Molino: DoD Has 'Great Sensitivity' For Family Needs During Deployments
By Gerry J. Gilmore
American Forces Press Service
WASHINGTON, Feb. 20, 2003 Service members deployed worldwide in the war against terrorism should know that DoD expends great effort in providing support services for their families at home.
DoD learned a lot about family support after U.S. troop deployments to the Middle East during the Persian Gulf War and later military operations in Somalia, Haiti, and the Balkans, said John M. Molino, deputy undersecretary of defense for military community and family policy.
DoD is putting its accumulated knowledge to use for military families during today's war against global terrorism, he said. Designated support activities at installations around the globe, he said, are assisting the families of troops deployed to Afghanistan, and to the Middle East as part of preparations for possible war with Iraq.
"We are sensitive to what families could need in the event of the deployment of a service member," Molino remarked, adding DoD tries hard to anticipate family members' concerns. For instance, he said, available support includes:
- Increased child care to meet increased needs during deployments.
- Spousal employment assistance to address concerns and complications arising from deployments.

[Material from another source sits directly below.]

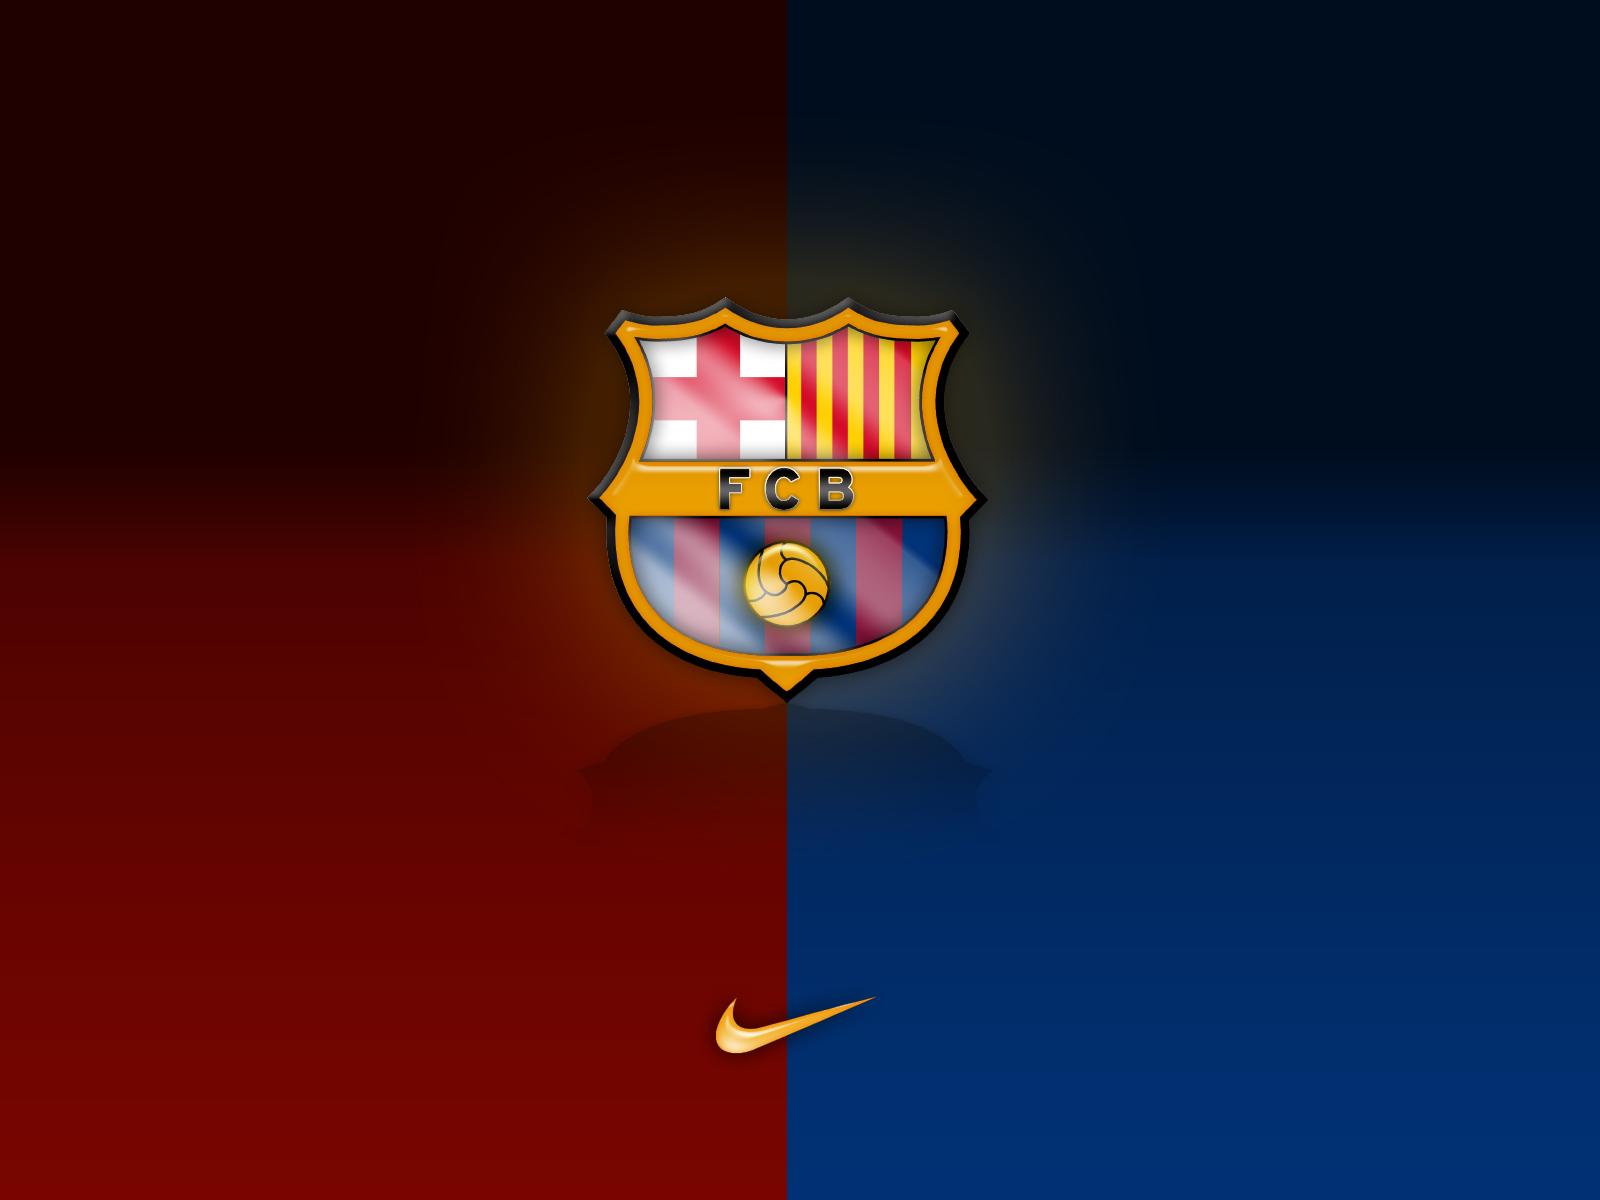 El logotipo o escudo del FCBarcelona para fondo escritorio Linea 1600x1200

- Budget planning and counseling.
- Counseling and assistance for other family issues, such as deployment anxiety, alcohol and drug abuse, and violence.
"We have support programs from schools all the way to base family assistance centers to make deployment separations and reunions easier transitions, easier times, although we recognize they're very stressful," he said.
Technology has advanced in leaps and bounds in the 12 years since the Gulf War, he said. It has greatly enhanced today's military family support programs even as it has raised those families' expectations, Molino remarked.
"Service members who are deployed don't necessarily believe they should be 'cut off' from contact with their families," he said. DoD responds, for example, by making e-mail and instant-messaging services available to members and their families, he noted.
Some Navy bases go even further and offer video-teleconferencing capabilities, he continued. "Usually by appointment, the family can come into a family center stateside, set themselves up, and then see their loved one over a video- teleconferencing facility aboard ship.
"There are many stories that come out of deployments where a service member sees his child for the first time in a video-teleconference. It's very, very moving," Molino added.
It's important for family members to realize that anxiety is normal when military members deploy, he emphasized. Today's U.S. military has top-notch people, training and equipment, "but it's still natural to be a little bit nervous about what is happening and what might happen," he pointed out.
Consequently, in today's era of multiple military deployments, DoD offers support programs for service members and their families, Molino said.
One such program, Marine Corps Community Services' One Source, offers active duty and reserve Marines and their families around-the-clock referral services via toll-free phone number: (800) 433-6868 in the continental United States and (800) 237-42374 overseas. One Source also has a Web site at www.mccsonesource.com that can be accessed only after establishing a user name and password by calling the appropriate toll-free phone number.
Molino also urged people to contact their local family support officials if they have trouble dealing with deployments.
"Don't feel stigmatized, as if somehow you're less than capable, less than strong," Molino said. "There is nothing wrong with getting a little help."